BMW launched the FlexRay era a little more than a year ago with a ride-smoothing application called AdaptiveDrive. The automaker is in the process of implementing FlexRay on several additional models, but the protocol has maintained a low public profile.

Meanwhile, FlexRay is the focus of significant development efforts in labs around the world. “We're experiencing the silence before the storm,” said Rob Hoeben, marketing manager for FlexRay in NXP Semiconductors' automotive business unit. “FlexRay adoption began with German OEMs, but OEMs in Detroit and in Japan are following suit.”

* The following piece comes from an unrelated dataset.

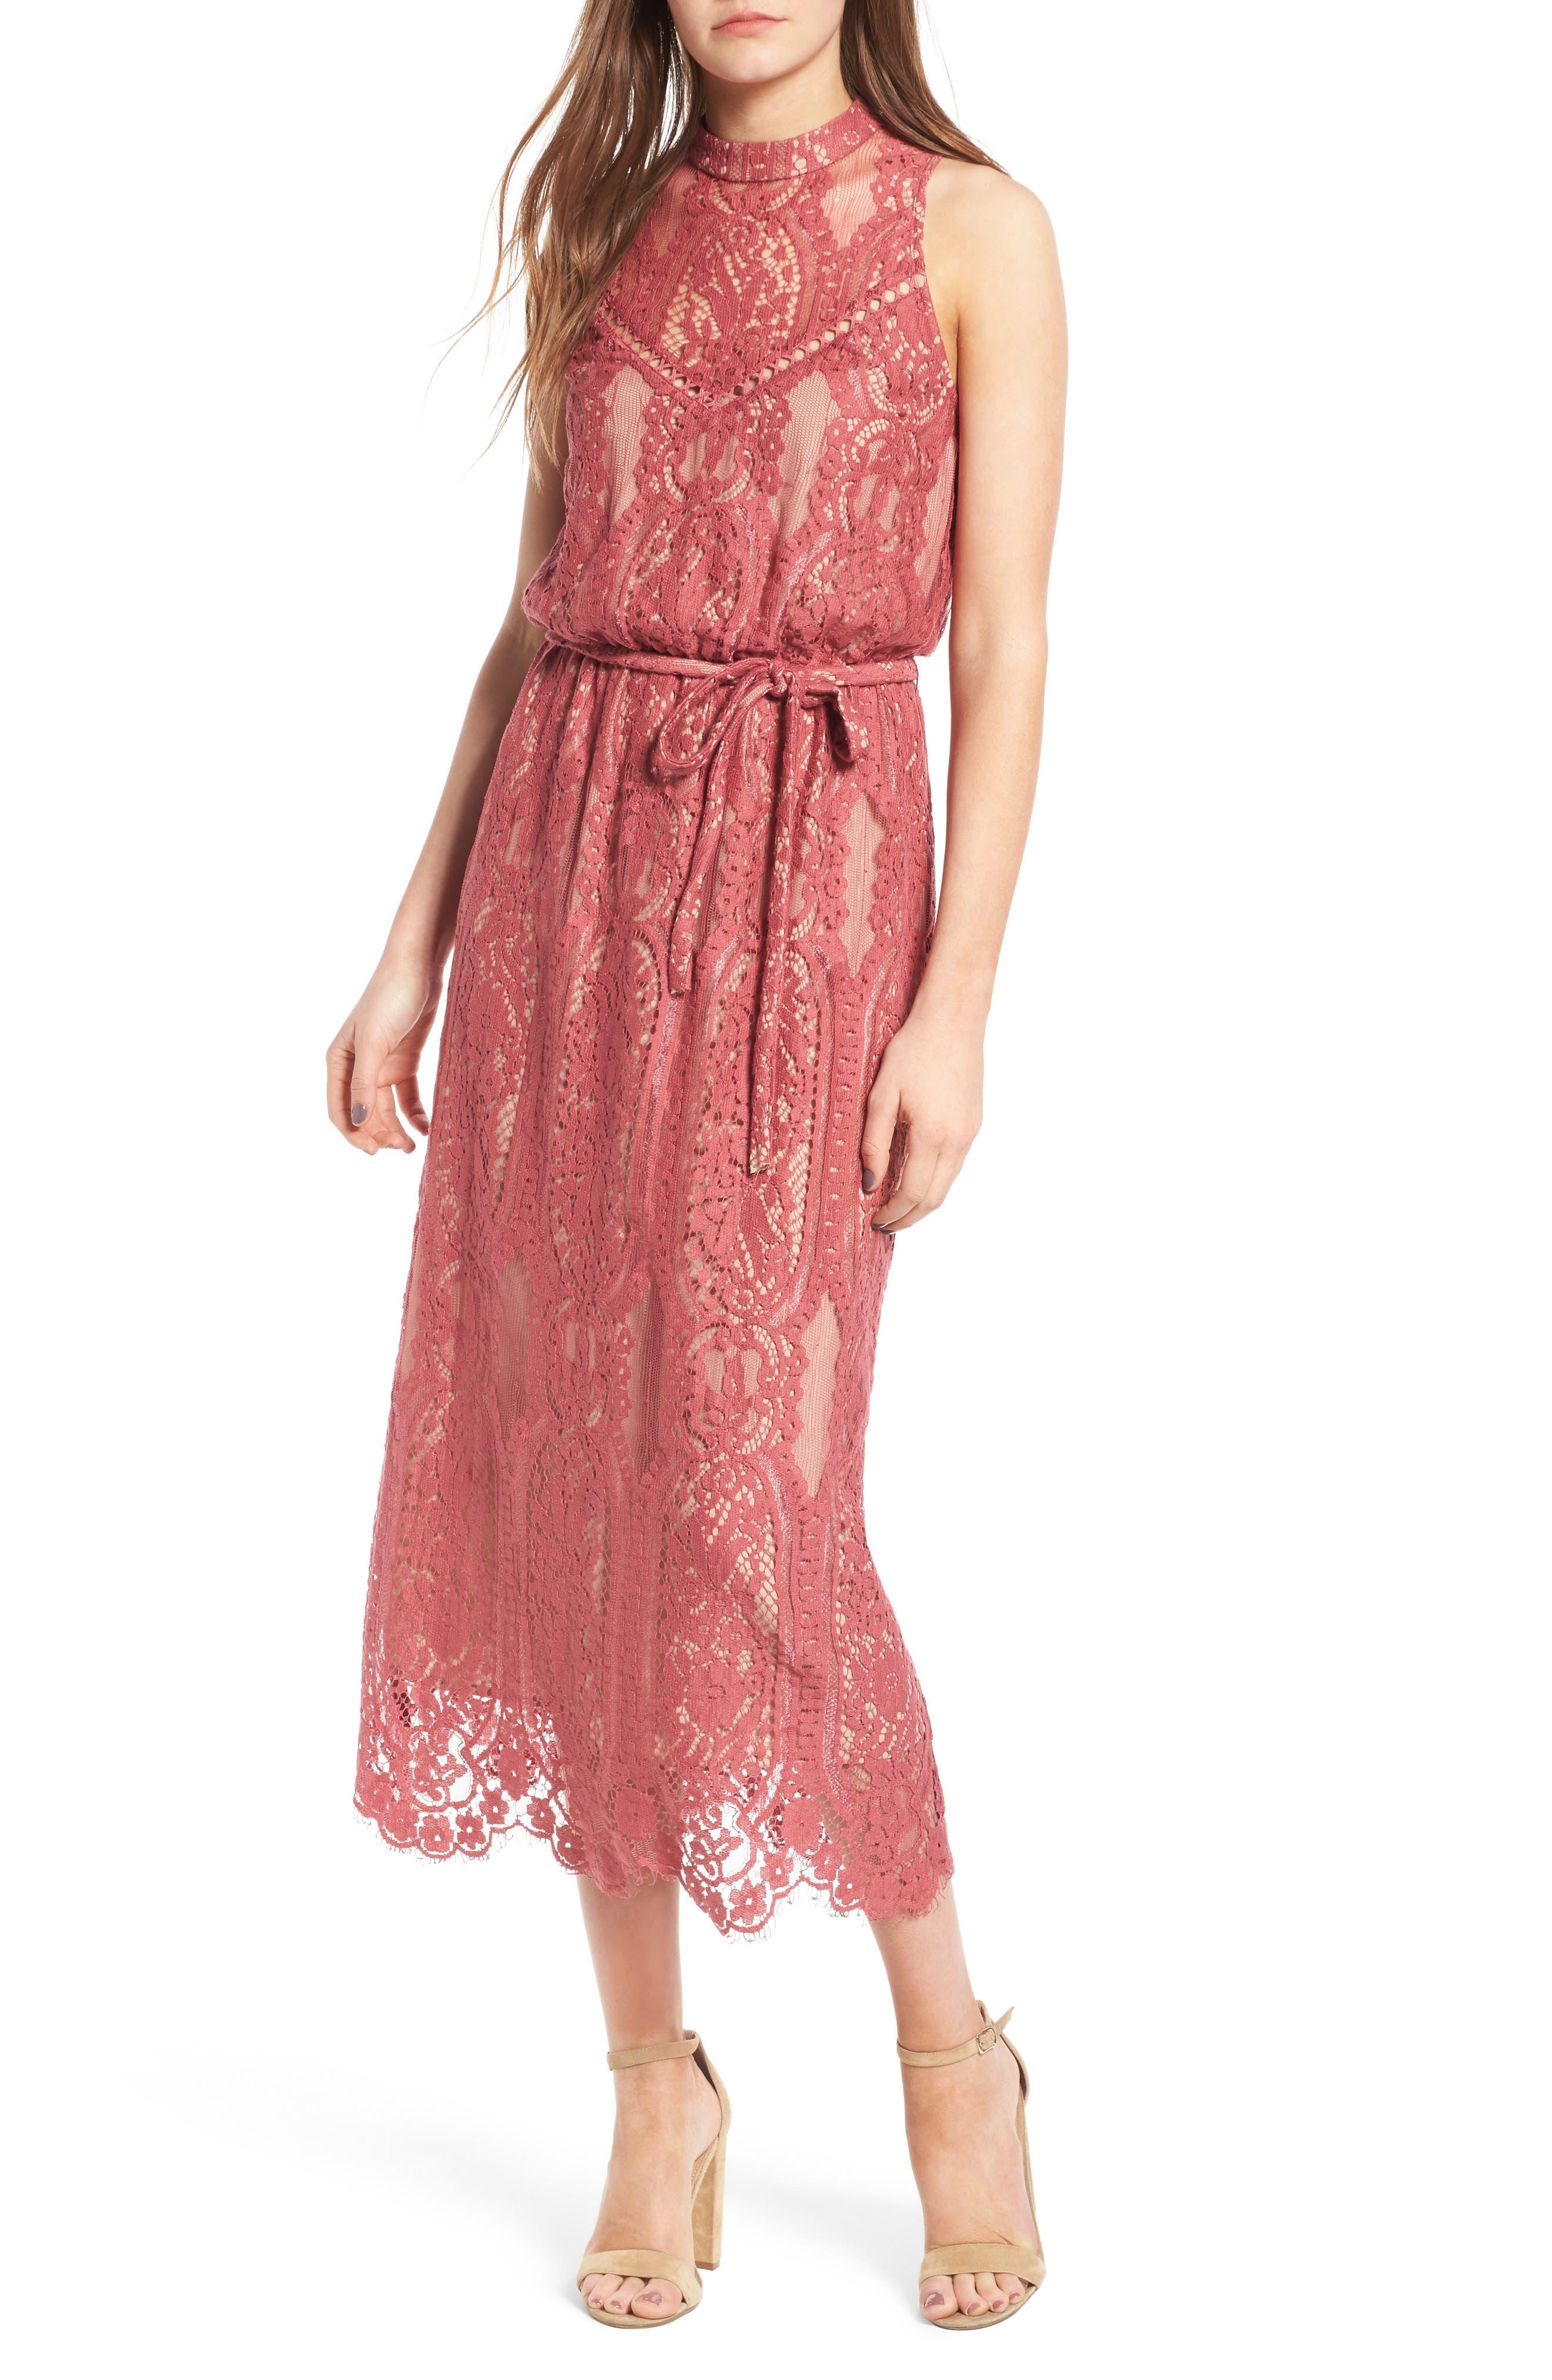 WAYF, 'Portrait' Lace Midi Dress, Main thumbnail 1, color, 650

NXP announced in March that its TJA1080A node and star transceiver (Figure 1) passed the FlexRay Physical Layer Conformance Test, the industry standard for FlexRay products. Hoeben said that compliance to the test is an important step in the proliferation of the FlexRay standard because for OEMs it translates into faster development times and fewer production issues. The device, due to ship in the second quarter, provides an interface between the protocol controller and the physical bus in a FlexRay network, monitors internal voltage and temperature, and supports the mode control used in NXP's TJA1055 and TJA1041 CAN transceivers.

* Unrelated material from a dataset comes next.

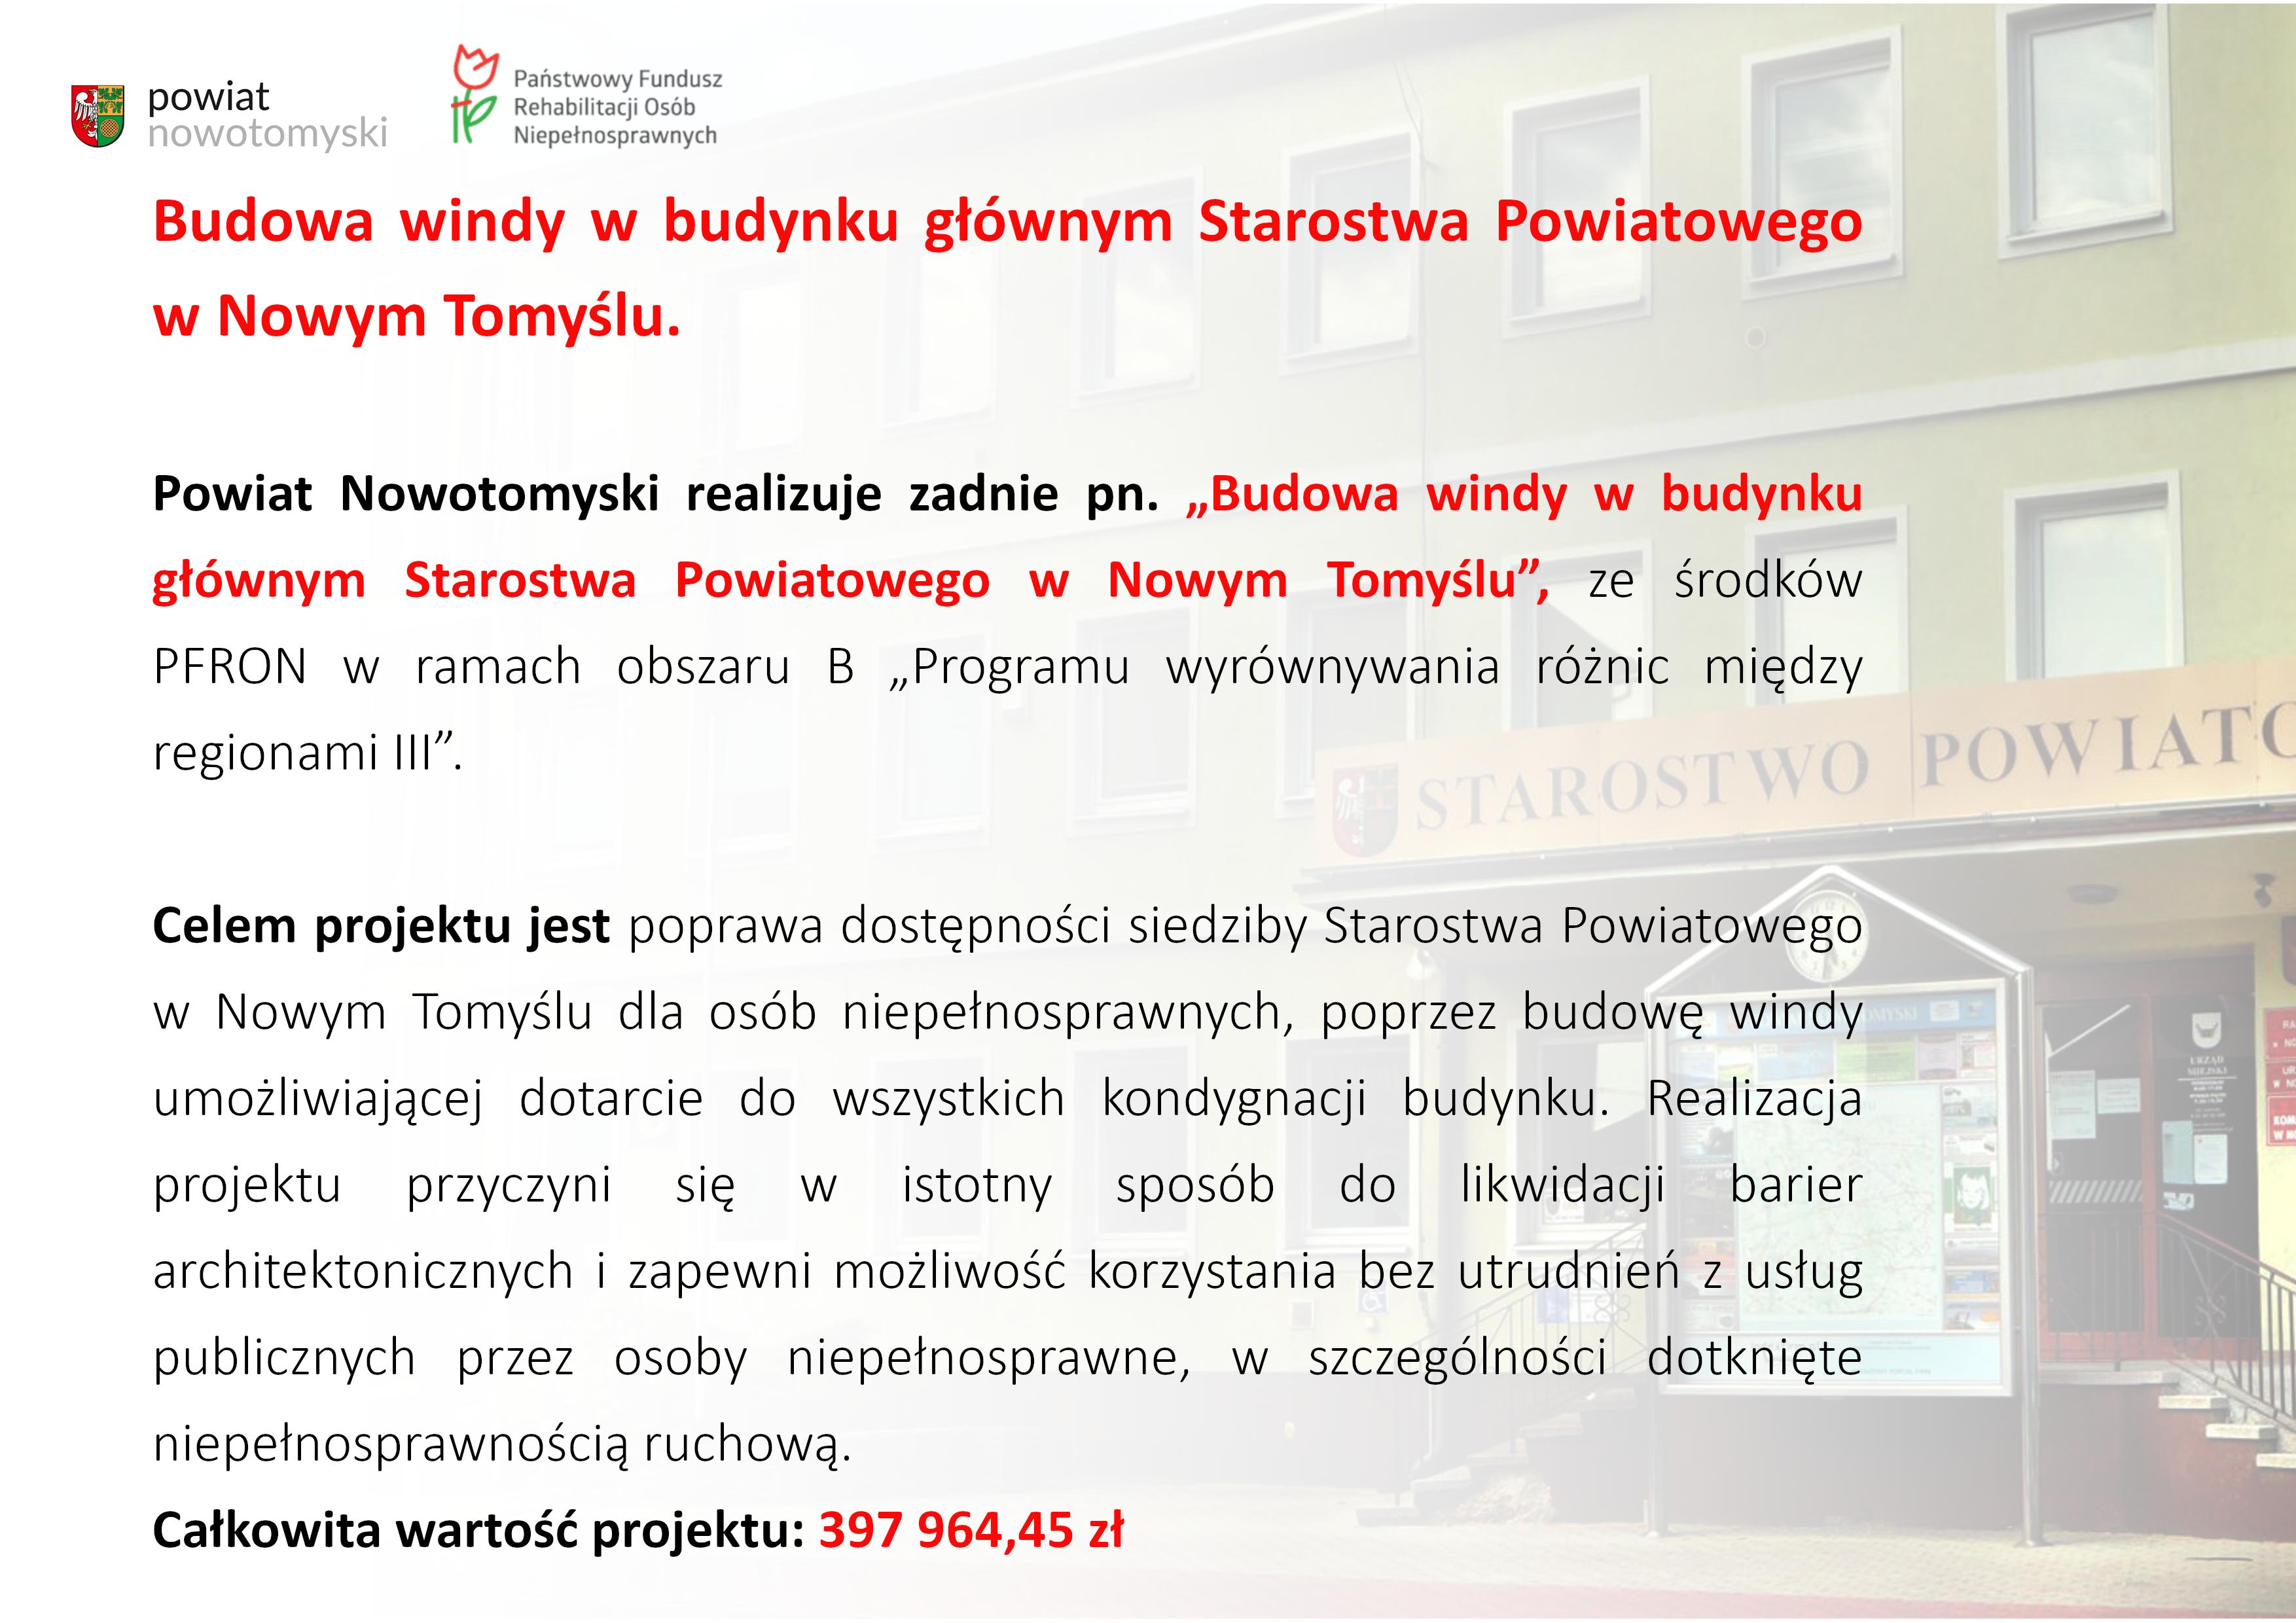 Ilustracja do informacji: Budowa windy w budynku głównym Starostwa Powiatowego w Nowym Tomyślu.

Hoeben said BMW is using the TJA1080A predecessor, TJA1080. Among the enhancements in the newer version is full conformance with FlexRay Electrical-Physical Layer V2.1 for improved EMI/EMC performance, improved power-on reset behavior, an upgraded transmitter circuit to reduce emission on bus lines, and an enhanced receiver circuit for higher RF immunity, up to 70 ns minimum bit time.

“We're seeing a trend toward ECUs functioning as central gateways in ABS or suspension applications, with an active star device connecting the MCU by its branches to an ECU containing a node transceiver,” Hoeben noted. “In the future we expect to see more central gateways connected by four or eight branches to more ECUs.”

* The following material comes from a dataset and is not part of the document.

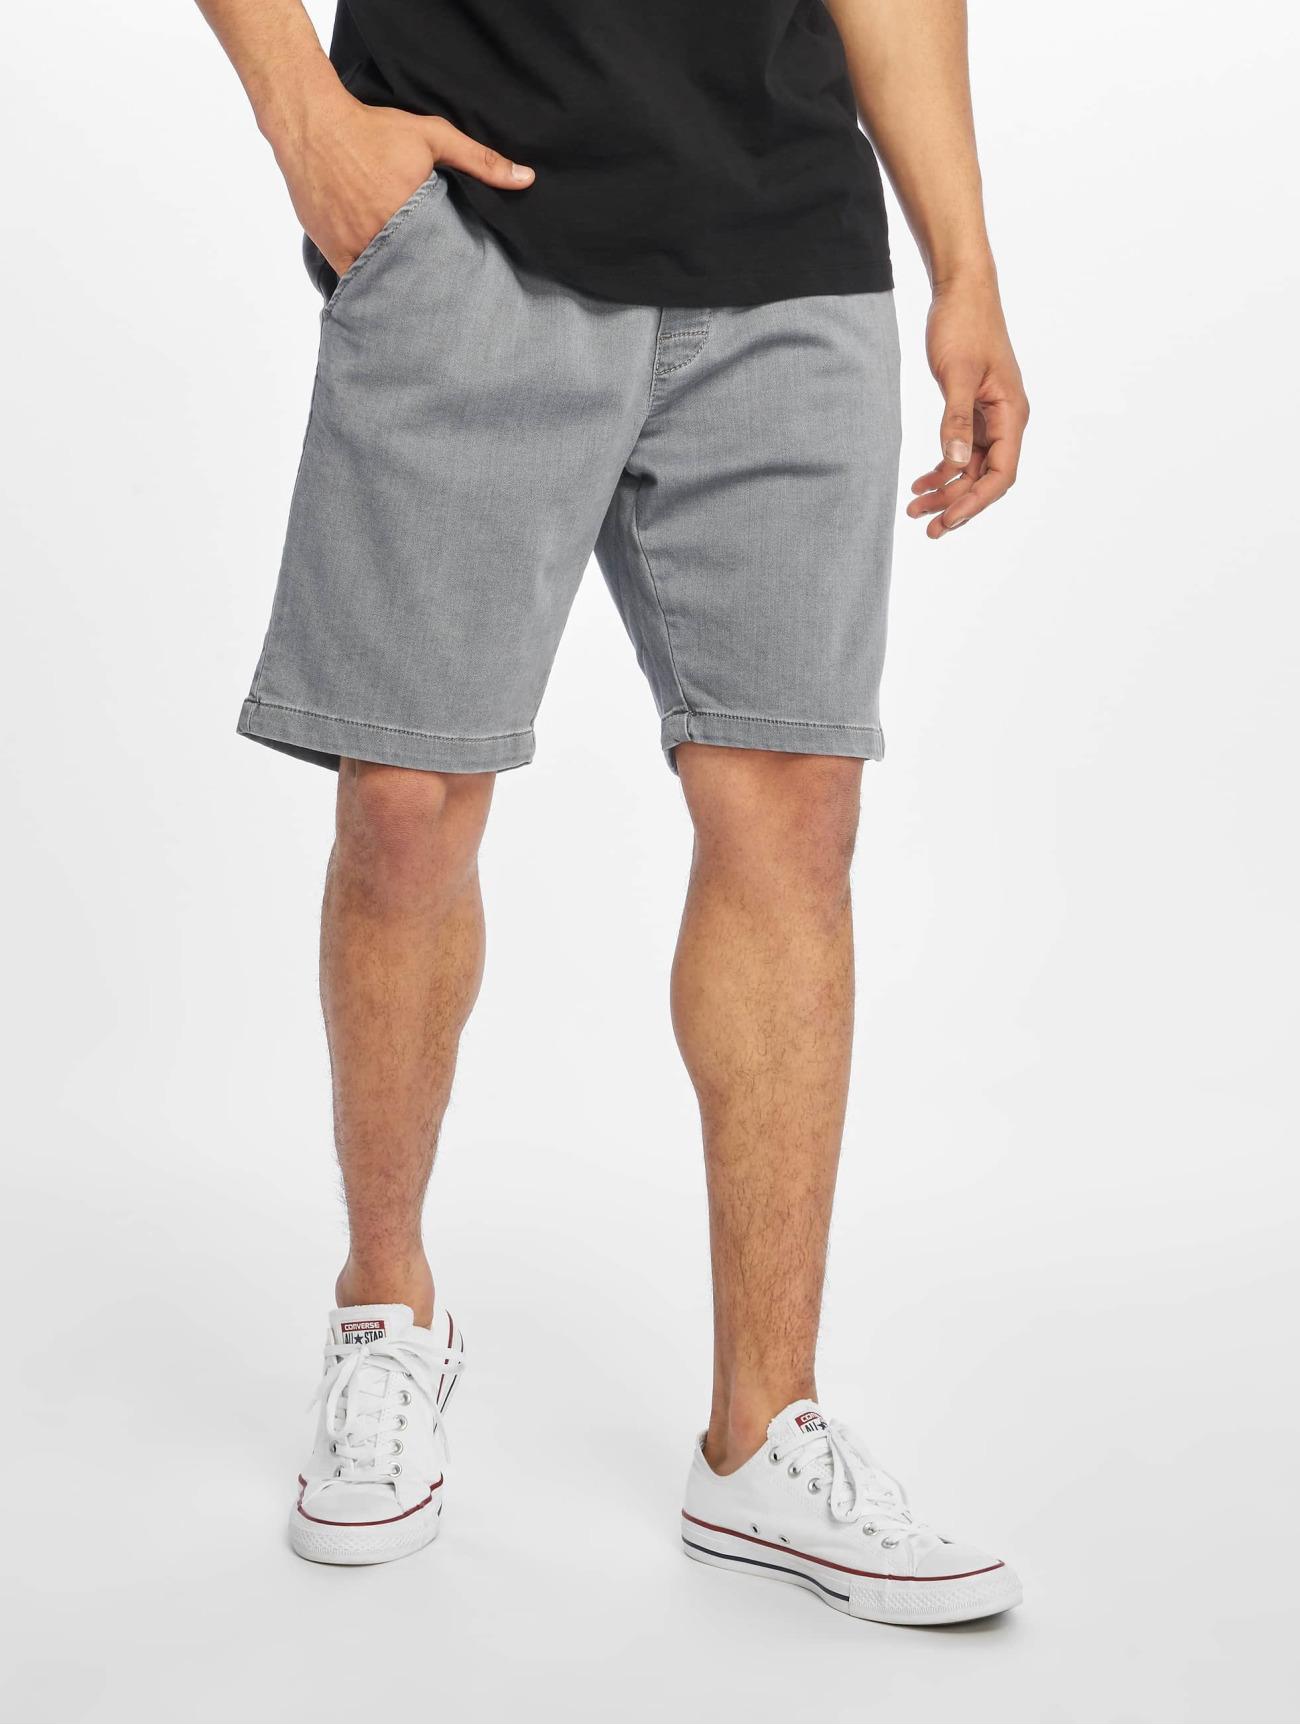 Reell Jeans Byxor / Shorts Reflex Easy i grå 584983 Män Byxor

While the TJA1080A contains a node and an active star in the same device, Hoeben said next-generation devices are likely to contain a node or an active star, in order to give designers more flexibility by enabling more topologies and optimize system deployment costs.

Application developers are benefiting from a growing number of network-specific chips and design tools as they prepare new networks for launch.

NEC Electronics America targets chassis applications, among others, with the 32-bit V850E/PHO3 MCU, which features an embedded FlexRay controller based on E-Ray intellectual property licensed from Robert Bosch GmbH.

Built on NEC Electronics' V850E CPU core, which operates at clock speeds up to 128 MHz and features 1 MB of embedded flash memory, the V850E/PHO3 MCU was one of the first MCUs to pass the FlexRay Conformance Test administered by TÜV Nord Group's Institute for Vehicle Technology and Mobility, the FlexRay Consortium's partner for data link layer conformance testing. The certification is based on 275 tests that verify the functional behavior of an embedded FlexRay communications controller to ensure conformance with the FlexRay v2.1 specification.

“CAN and LIN are well accepted, but there is not much going on with them,” commented Jens Eltze, new business development manager in the Automotive Strategic Business Unit at NEC Electronics America. “FlexRay is the networking technology in the spotlight. It's having big success in Europe, and initial success in Japan and the U.S.”

Eltze said FlexRay holds appeal for developers of steering systems. The V850E/PHO3 has the ability to control one or two 3-phase brushless DC motors simultaneously for applications including electronic power steering, as well as electronic braking, damping and other vehicle-stability control applications.